Part D Regulations for Home Health CMS CY2015 Available

Posted by Crystal Parks on May 29, 2014 12:02:25 PM

   

On May 23, 2014, a final rule governing Medicare Advantage (MA) and Part D contracts for calendar year (CY) 2015 was published in the Federal Register.  The rule contains two changes in particular that could affect hospice physicians if they prescribe medications that are appropriately charged to patients’ Part D coverage, and these changes are summarized below. 

As part of its program integrity efforts related to Medicare Part D, the Centers for Medicare & Medicaid Services (CMS) has determined that, effective June 1, 2015, Part D plans may no longer cover drugs that are prescribed by physicians or other eligible professionals who are neither enrolled in Medicare nor have validly opted out of Medicare.

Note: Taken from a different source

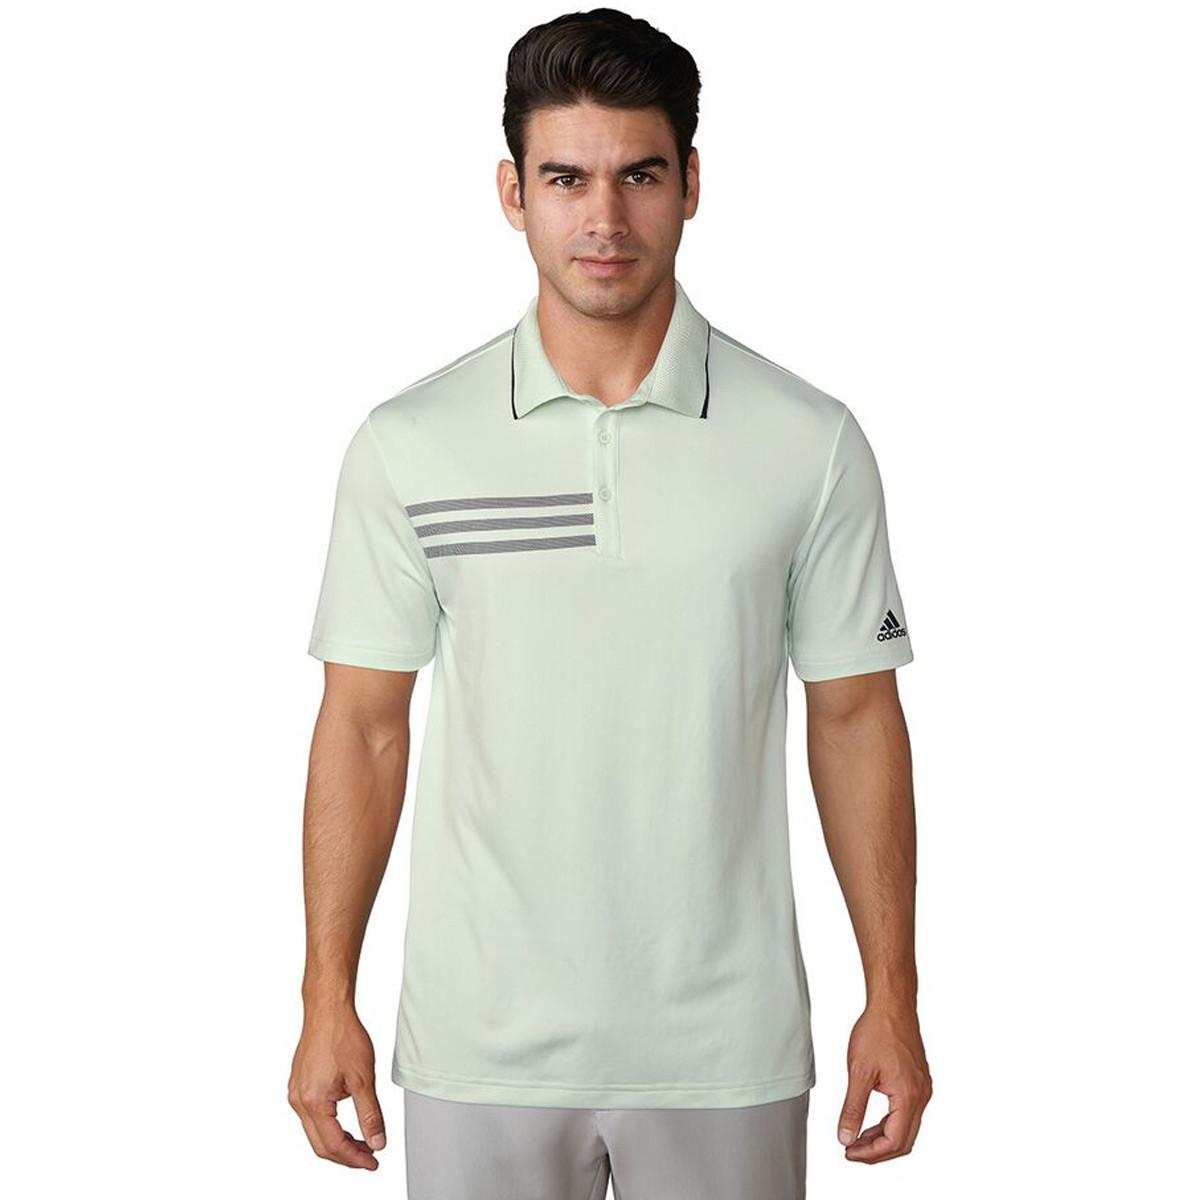 1fd1fcc88e1f adidas Golf Mens 3-Stripes Mesh Collar Polo Shirt

While many physicians that serve as hospice physicians are enrolled in Medicare, it is the understanding of the National Association for Home Care & Hospice (NAHC) that some hospice physicians are not. If these hospice physicians prescribe medications for Medicare beneficiaries that are unrelated to the hospice terminal illness or a related condition, and are appropriately covered under the patient’s Part D plan, it is advisable that these hospice physicians begin the process of either enrolling in Medicare in an approved status or of ensuring that they have a valid opt-out affidavit on file with an A/B Medicare Administrative Contractor (MAC). 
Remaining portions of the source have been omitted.